La marcha de Miquel Iceta al Senado, de Inés Arrimadas al Congreso y de Andrea Levy al Ayuntamiento de Madrid abre un nuevo escenario para el constitucionalismo en Cataluña.
Las direcciones de PSC, Cs y PP consideran que este éxodo no implicará cambios relevantes en su estrategia de oposición al nacionalismo. Y así lo ven también la mayoría de analistas consultados por Crónica Global.
En su opinión, el ascenso de estos primeros espadas a cargos más relevantes responde a una evolución natural, servirá para intensificar la lucha contra el nacionalismo desde foros más influyentes y no supondrá ningún hándicap significativo, pues surgirán nuevos dirigentes de valía similar en Cataluña, como ha ocurrido en el pasado.
Yo, en cambio, no lo entiendo así. Discrepo de ese planteamiento tan optimista. Y creo que se trata de un error, no por recurrente menos trascendente. No tengo la menor duda de que la fuga de líderes constitucionalistas de fuste contrastado --cada uno con sus matices-- de Cataluña deja huérfanos y desamparados a los votantes que se oponen al independentismo.
Estamos en un momento en el que se necesitan referentes políticos para enfrentarse al nacionalismo en Cataluña, y estos lo eran. Muchos de sus seguidores no entienden su marcha como un salto a posiciones desde las que ejercer con mayor intensidad y efectividad la labor que venían haciendo hasta ahora, sino como un abandono de aquellos que necesitan su protección. Puede que no sea así, pero es lo que parece. Y, en política, lo que parece es tan importante como lo que es.
Nadie duda de que Arrimadas luchará desde el Congreso contra los atropellos del nacionalismo catalán. Pero ahora no podrá recorrer con la misma frecuencia los pueblos y ciudades de la Cataluña profunda para demostrar y denunciar que el veneno del supremacismo nacionalista está profundamente inoculado en esta sociedad. Ahora no podrá responder con su desacomplejada soltura a los líderes nacionalistas del Parlament. Ahora no podrá acudir a TV3 y Catalunya Ràdio a desmontar el imaginario de una Cataluña homogénea que solo existe en sus sueños más retorcidos. Actitudes, todas ellas, que le llevaron a ganar de forma inédita las últimas elecciones autonómicas.
Es probable que el cansancio a la hora de llevar a cabo esta labor también haya influido en su decisión. No es fácil soportar el acoso de los radicales cada vez que se pisa la calle. Pero ese es el precio que hay que pagar en la Cataluña actual. Sería comprensible que se fuese alguien que lleva décadas sufriendo el asedio nacionalista, pero no es aceptable que lo haga quien acaba de empezar a enarbolar la bandera de la resistencia.
Otros vendrán, sí, que tomarán su relevo.

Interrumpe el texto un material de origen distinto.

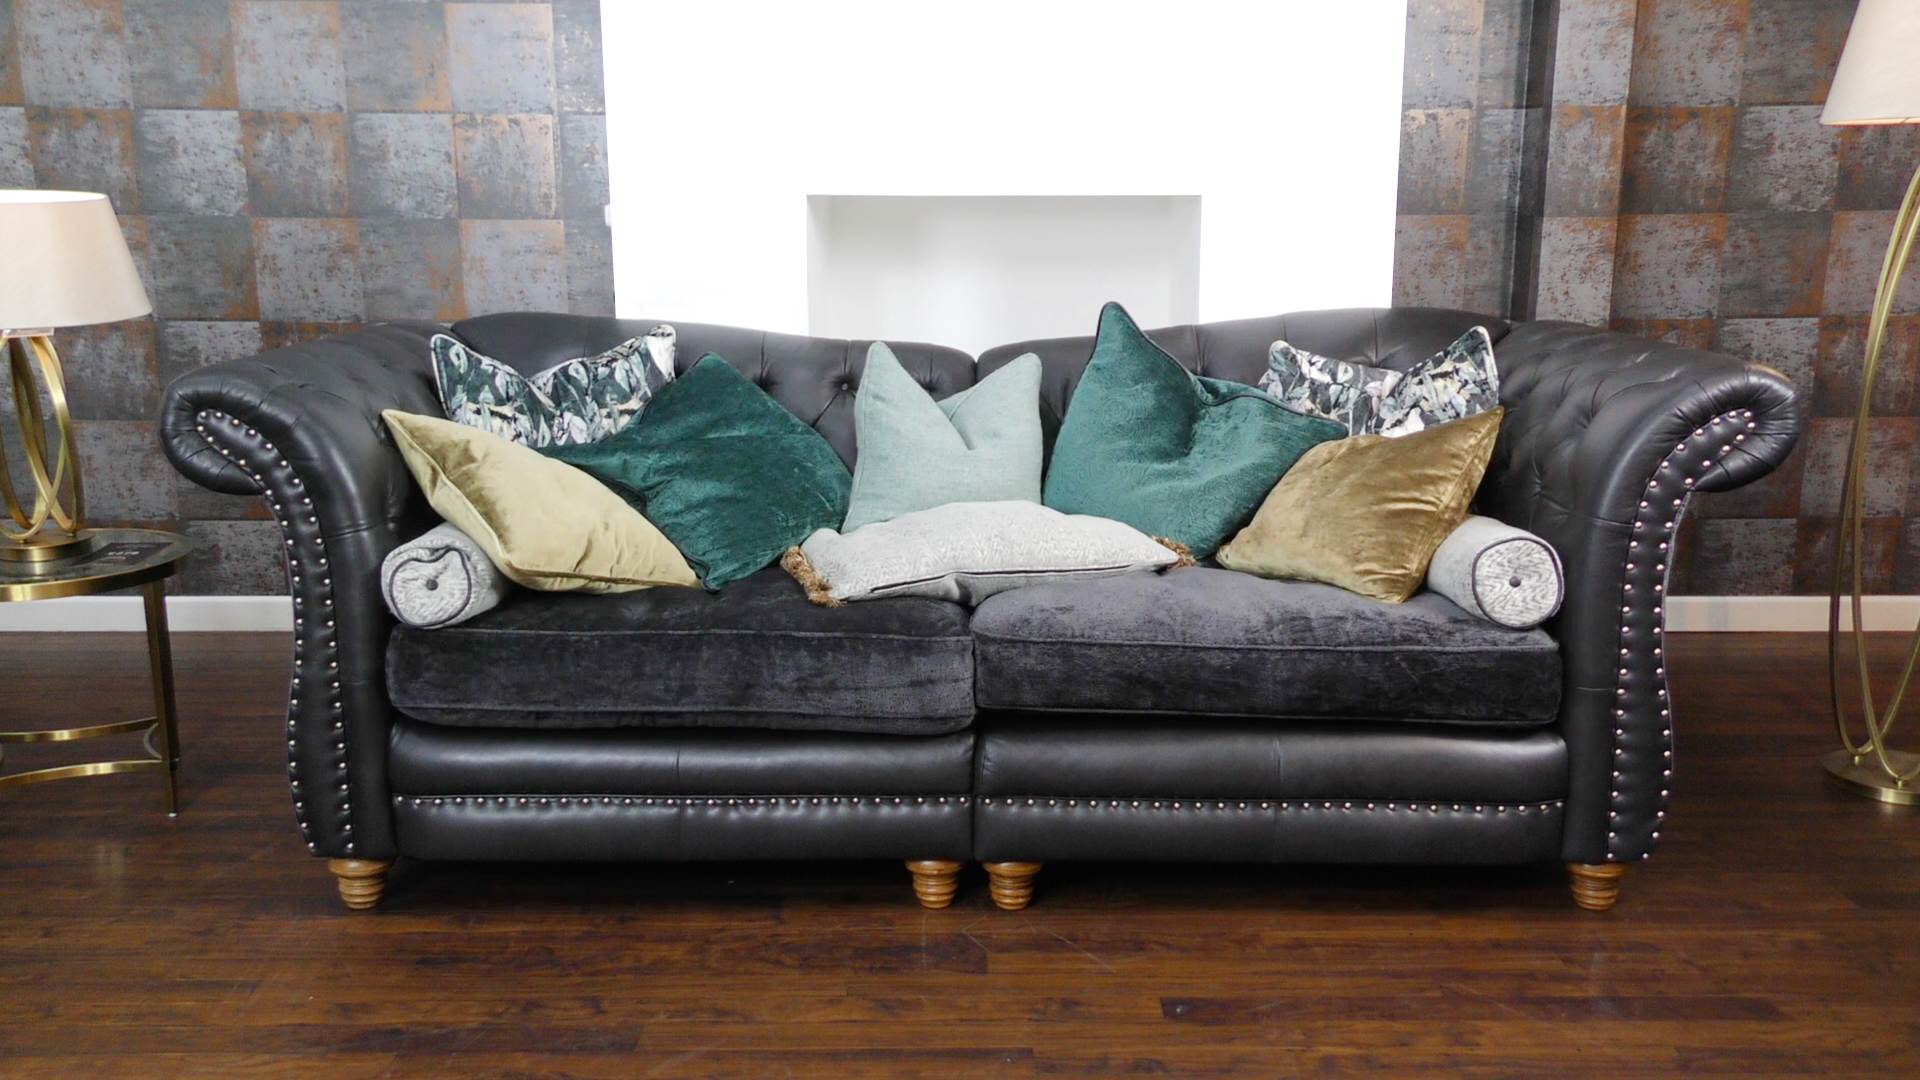 The Easiest Way To Plump Up Your Couch Cushions

Pero un líder carismático no se fabrica de la noche a la mañana. Y en Cataluña no hay tiempo que perder. El nacionalismo cada vez acapara más poder. Cualquier espacio que quede sin oposición lo acaba fagocitando. Lo acabamos de constatar en las elecciones a las cámaras de comercio y en la UAB, por ejemplo.
Por muy devaluada que esté la política en esta comunidad, el constitucionalismo catalán necesita retener aquí a sus mejores activos para hacer frente a los planteamientos xenófobos de los De Gispert (que califica de “cerdos” a los dirigentes no nacionalistas) y Graupera (que tilda de “basura blanca” inmigrante y “carne de cañón” a los catalanes hijos de andaluces) de turno.
La estrategia correcta del constitucionalismo no es enviar Arrimadas a Madrid, sino traer Cayetanas a Cataluña.